Problem to work on –
Of the material below, only the lines from the line containing "Soccer - 1974" down to the line containing "Olympus SP510UZ sample" belong in the answer, written out exactly.

Data for analysis –
◆ ◆ ◆ ◆ ◆ ◆ ◆

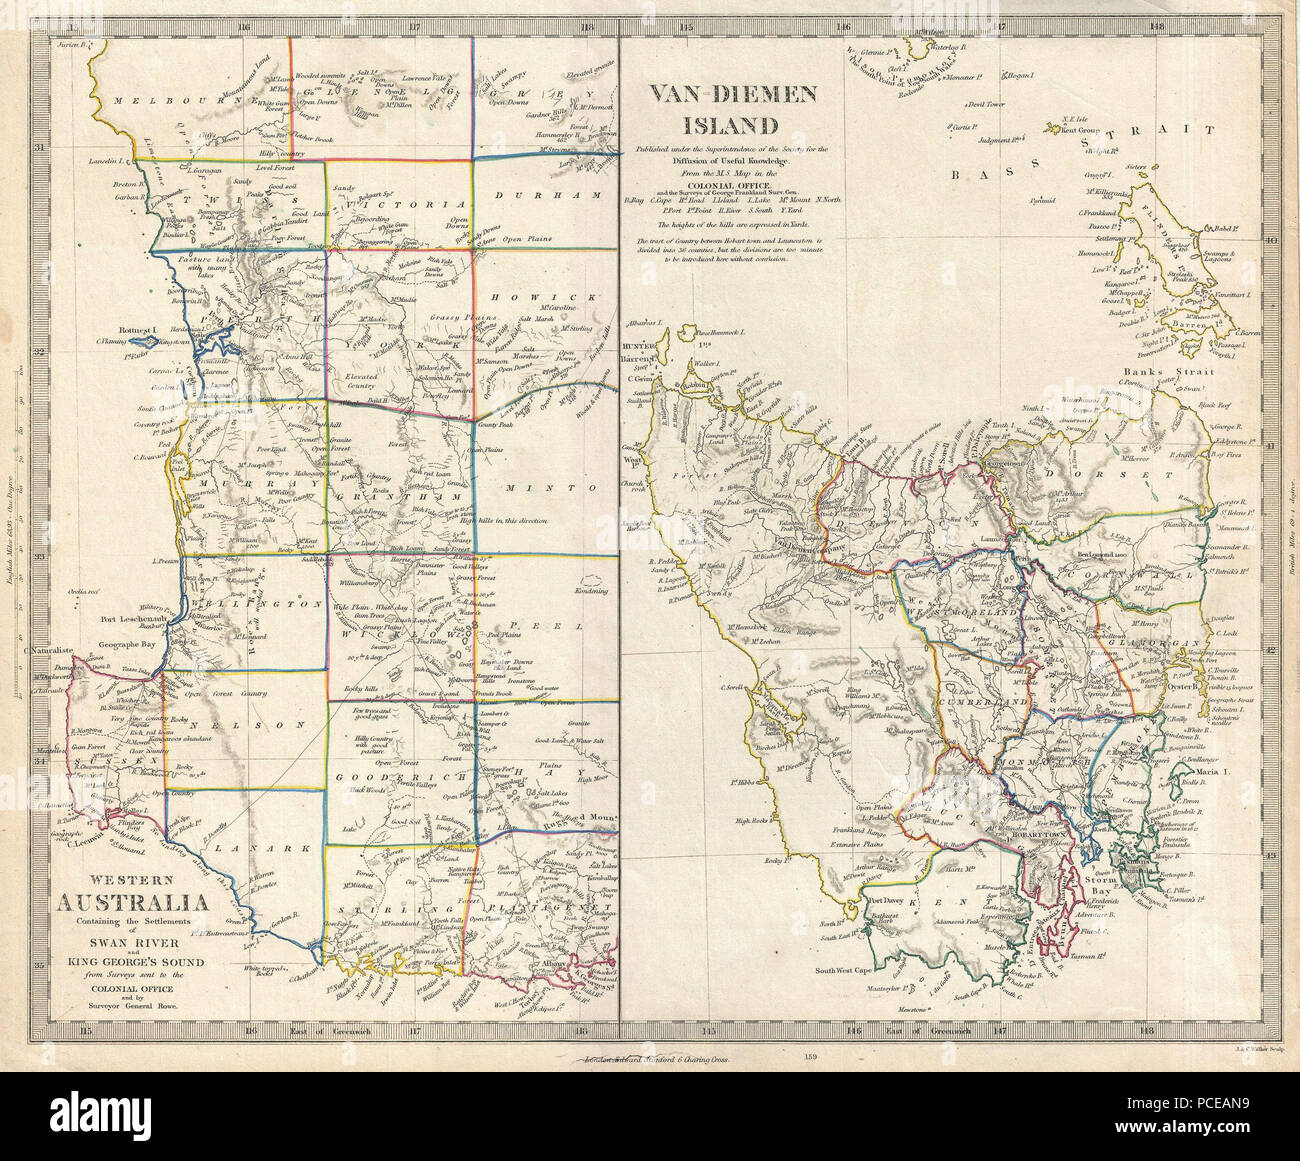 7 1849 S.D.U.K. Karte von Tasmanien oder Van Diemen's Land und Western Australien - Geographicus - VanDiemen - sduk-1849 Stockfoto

◆ ◆ ◆ ◆ ◆ ◆ ◆

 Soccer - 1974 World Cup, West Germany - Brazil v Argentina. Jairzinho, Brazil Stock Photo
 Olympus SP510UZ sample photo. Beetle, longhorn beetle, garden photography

◆ ◆ ◆ ◆ ◆ ◆ ◆

Your response –
 Soccer - 1974 World Cup, West Germany - Brazil v Argentina. Jairzinho, Brazil Stock Photo
 Olympus SP510UZ sample photo. Beetle, longhorn beetle, garden photography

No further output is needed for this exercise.